• **WHAT YOU SHOULD DO**
Transcribe the whole listing exactly, but do not carry over its pictures.

• **SUPPLIED MATERIAL**
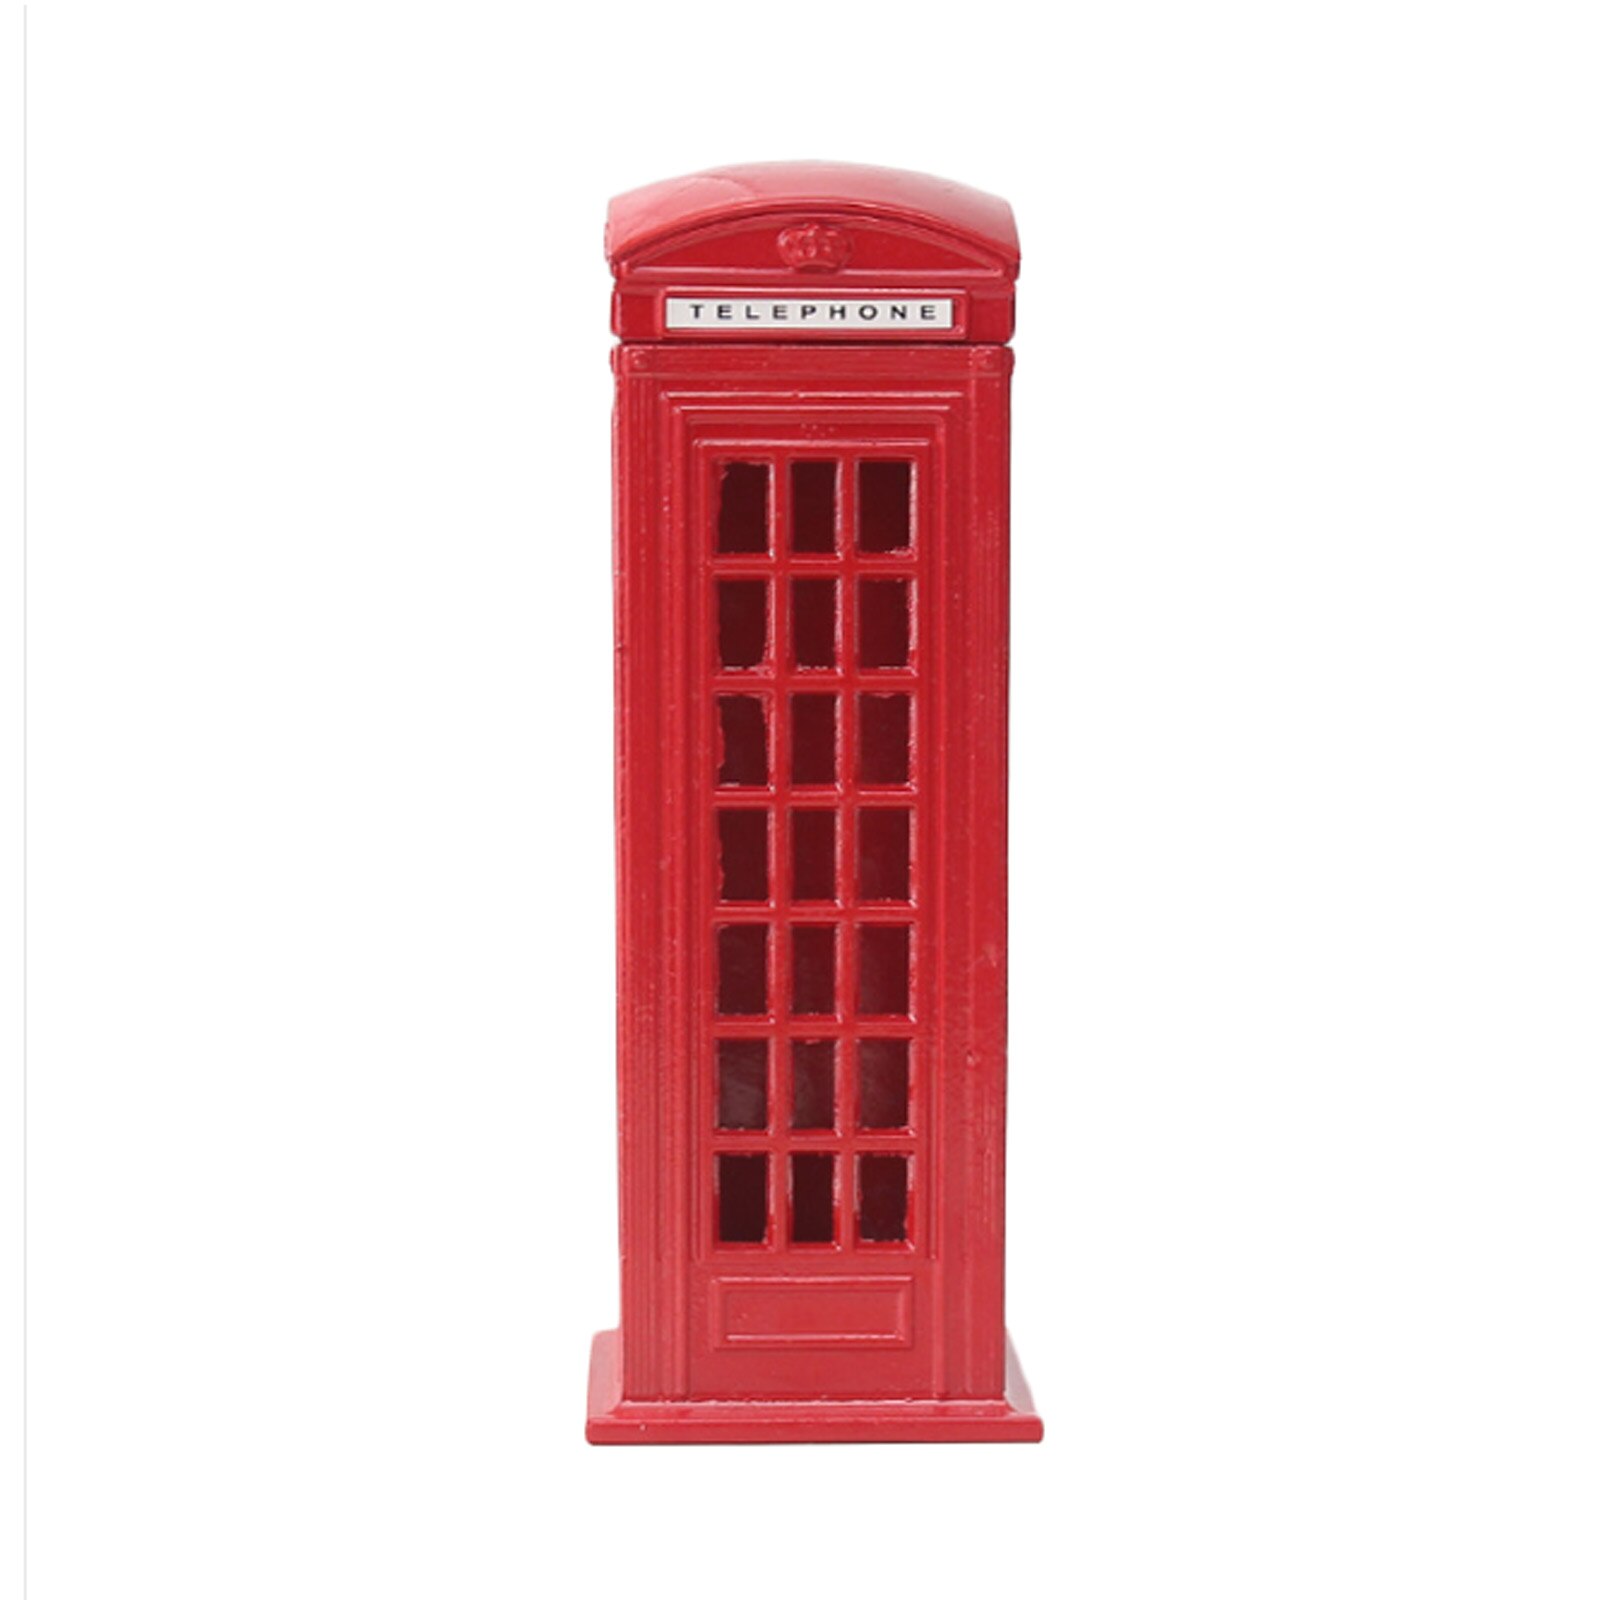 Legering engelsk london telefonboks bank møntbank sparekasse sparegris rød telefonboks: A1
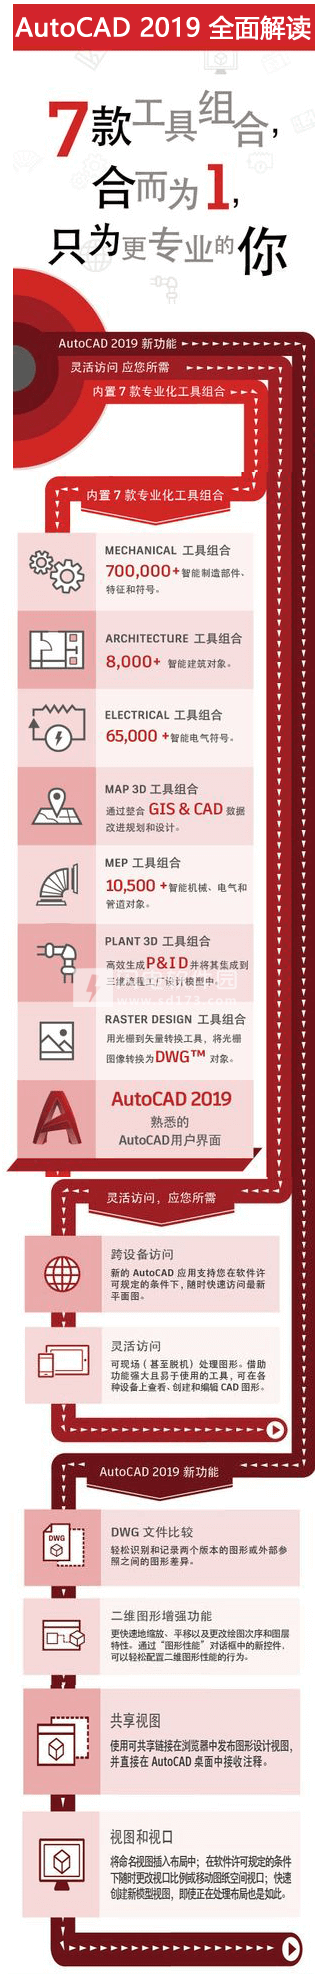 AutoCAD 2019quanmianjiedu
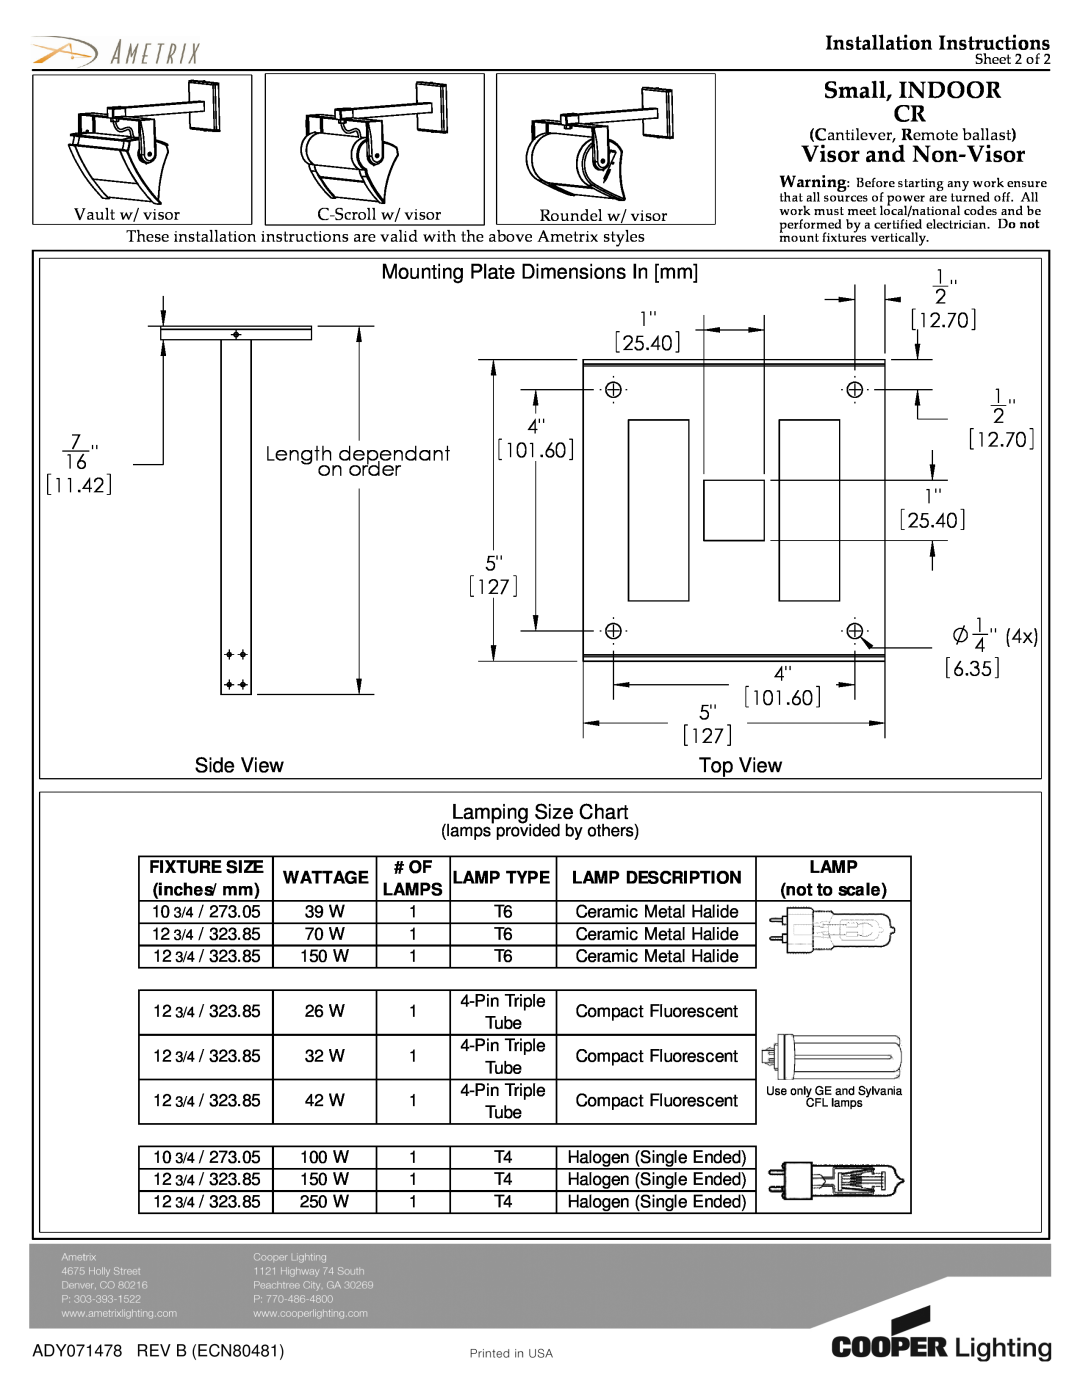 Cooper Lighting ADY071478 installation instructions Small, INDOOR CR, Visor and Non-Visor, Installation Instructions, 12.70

• **SOLUTION FOR THIS EXERCISE**
 Legering engelsk london telefonboks bank møntbank sparekasse sparegris rød telefonboks: A1
 AutoCAD 2019quanmianjiedu
 Cooper Lighting ADY071478 installation instructions Small, INDOOR CR, Visor and Non-Visor, Installation Instructions, 12.70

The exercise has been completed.